Transforming Symbols of Neglect into Oases of Inspiration:
The Amazing Benefits of Community-Controlled Land

All across the Green Development Zone once trash-strewn, weed-infested vacant lots are springing back to life. Through the BNSC Land Bank, PUSH has acquired almost 50 vacant properties in the GDZ and put them to a variety of uses. These range from relatively simple “clean and green” lots to community gardens, with many of other creative ideas in between. Landscaping touches at the sidewalk-ends of the lots, add new beauty and a sense of hope and rebirth to the neighborhood.


The quickest and simplest way to bring the breath back to a neighborhood street is the “clean and green” lot. Remove the debris and weeds from a vacant lot, grade it, seed it with grass, then add a few sidewalk-side touches like a fence, and a dangerous eyesore can be relatively quickly transformed into a space for recreation or neighborhood events.
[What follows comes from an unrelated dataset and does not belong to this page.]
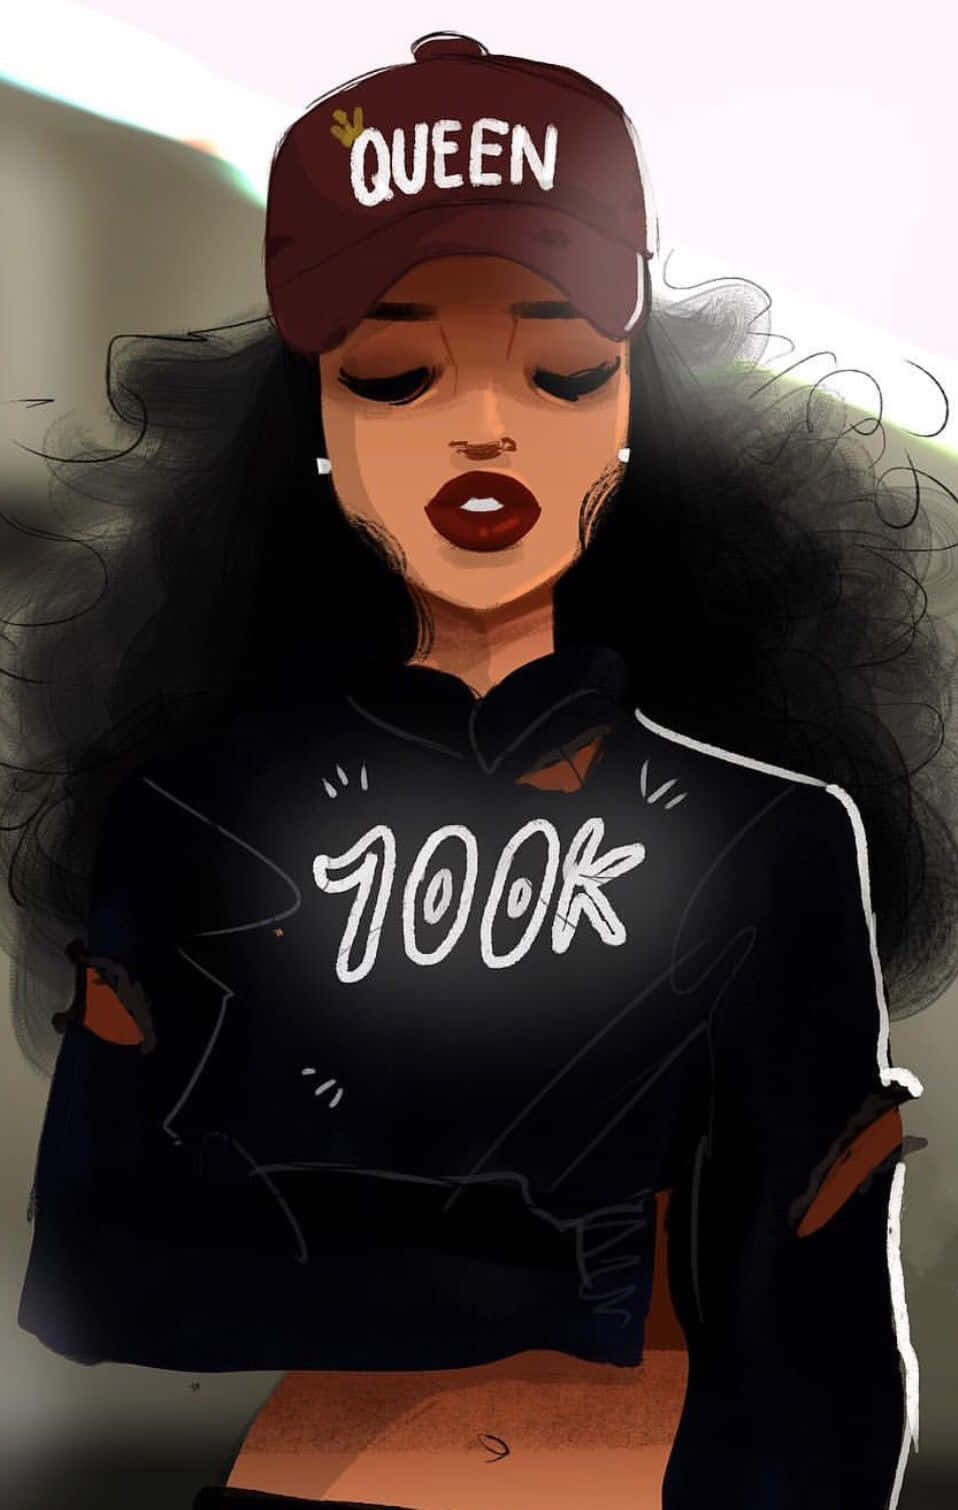 Queen Cap Animated Black Girl100k Sweatshirt Wallpaper

PUSH has also dramatically expanded the acreage of Community Gardens on the west side, offering dozens of residents, notably immigrants and refugees from farming regions across the globe, the opportunity to grow their own food and flowers.

On other lots, PUSH’s pocket farms, planted with squash, beans and other food crops, further supplement the MAP Urban Farm‘s output of healthy local food.
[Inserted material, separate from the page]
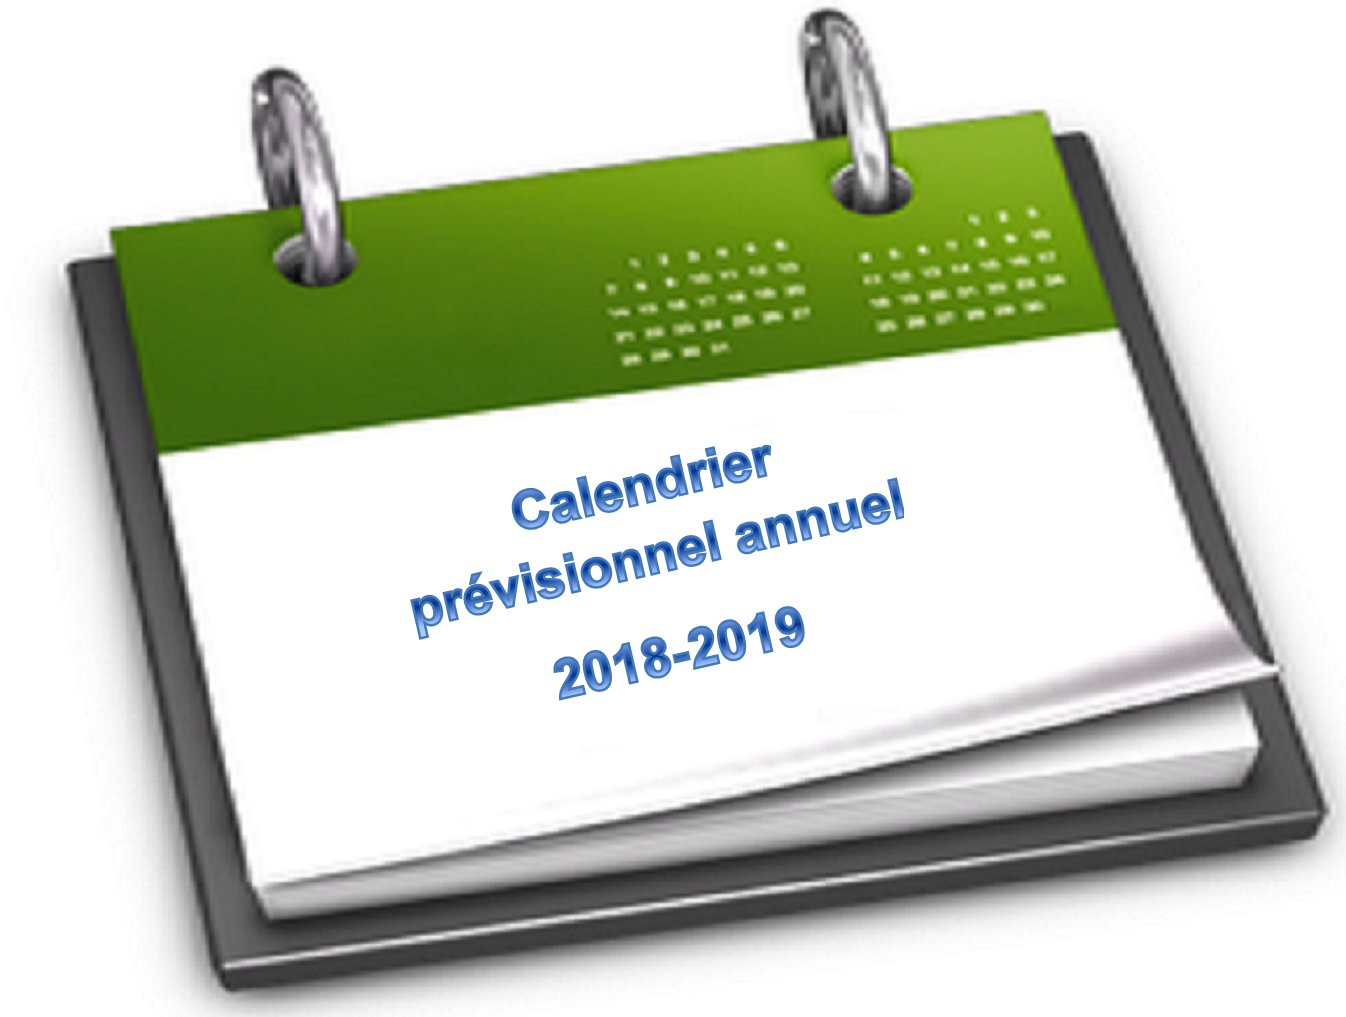 Calendrier prévisionnel annuel 2018-2019

Still other plots have become tree farms that nurture the next generation of the West Side’s street trees. A pollinator lot draws bees and butterflies essential to urban agriculture.

Buffalo’s antique and overtaxed sewer system, which was designed to manage rainwater runoff as well as household waste, is a major source of water pollution in our region’s abundant rivers. This makes alternative run-off infrastructure critical to the city’s environmental health.
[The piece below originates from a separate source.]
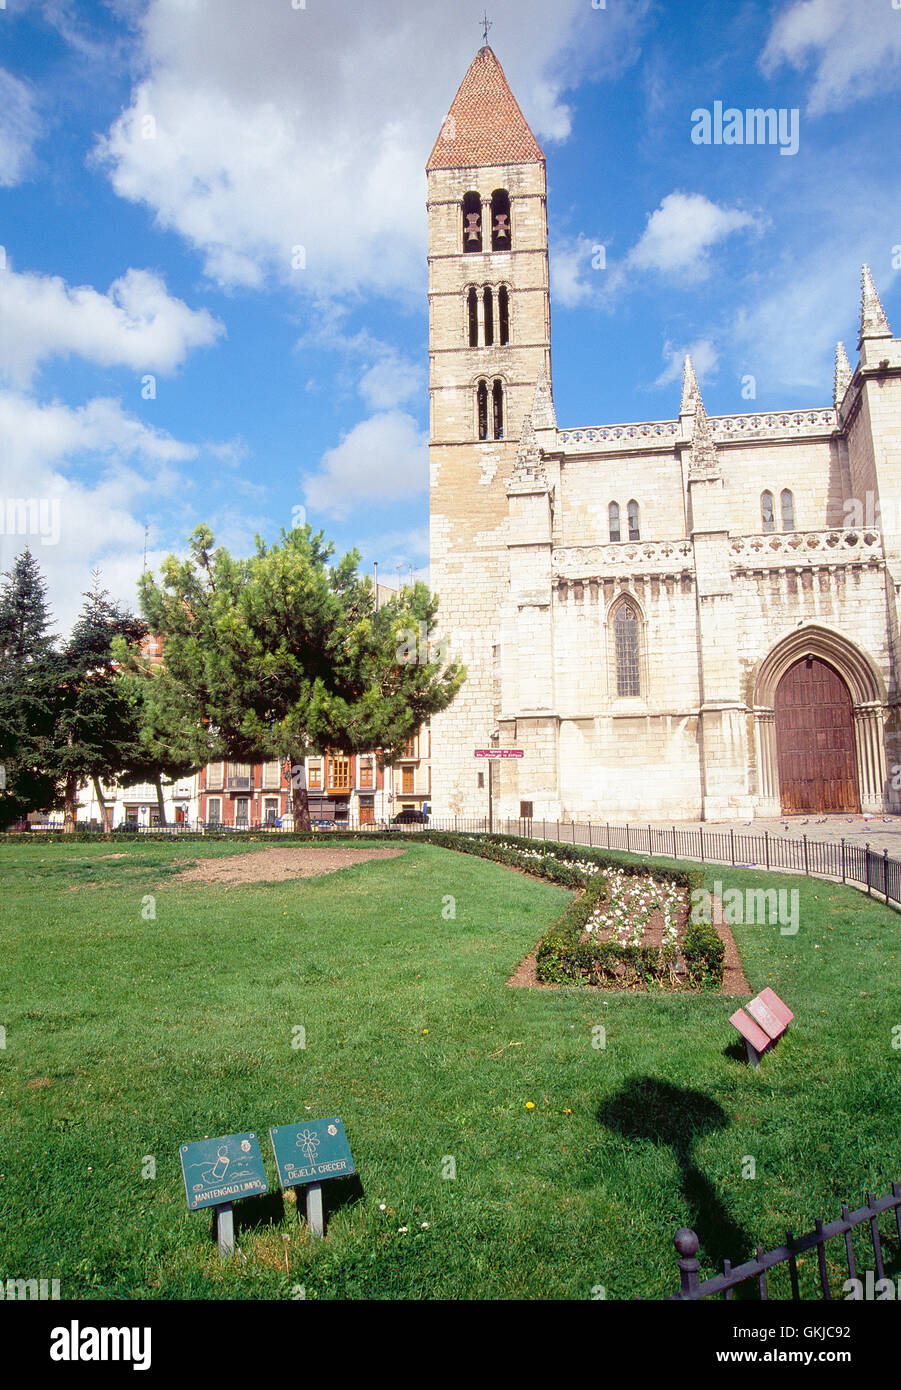 Facade of Santa Maria de la Antigua church. Valladolid, Spain. Stock Photo

In partnership with Buffalo Niagara Riverkeeper, PUSH has designed and planted several state-of-the-art rain gardens using deep-rooting native plants and gravel wells that channel water runoff away from sewer-intakes and into the soil. More rain gardens are planned for the final phases of the Massachusetts Avenue Park revitalization plan.

Water system at the 14th Street Community Garden

In addition to these uses, PUSH-owned vacant lots serve other innovative uses that could be scaled up in the future. The NetZero House’s geothermal heating system for example, could be replicated and expanded to deliver energy from underneath a vacant lot to multiple houses on a block. Another vacant parcel owned by PUSH will be paired with an adjacent city-owned lot to provide a second entrance to the Massachusetts Avenue Park.

Construction of the 14th Street Community Gardens, April, 2012


Laying out plots in the 14th Street Community Gardens

Healthy local food sprouting on 14th Street

Community gardens help make happy healthy kids!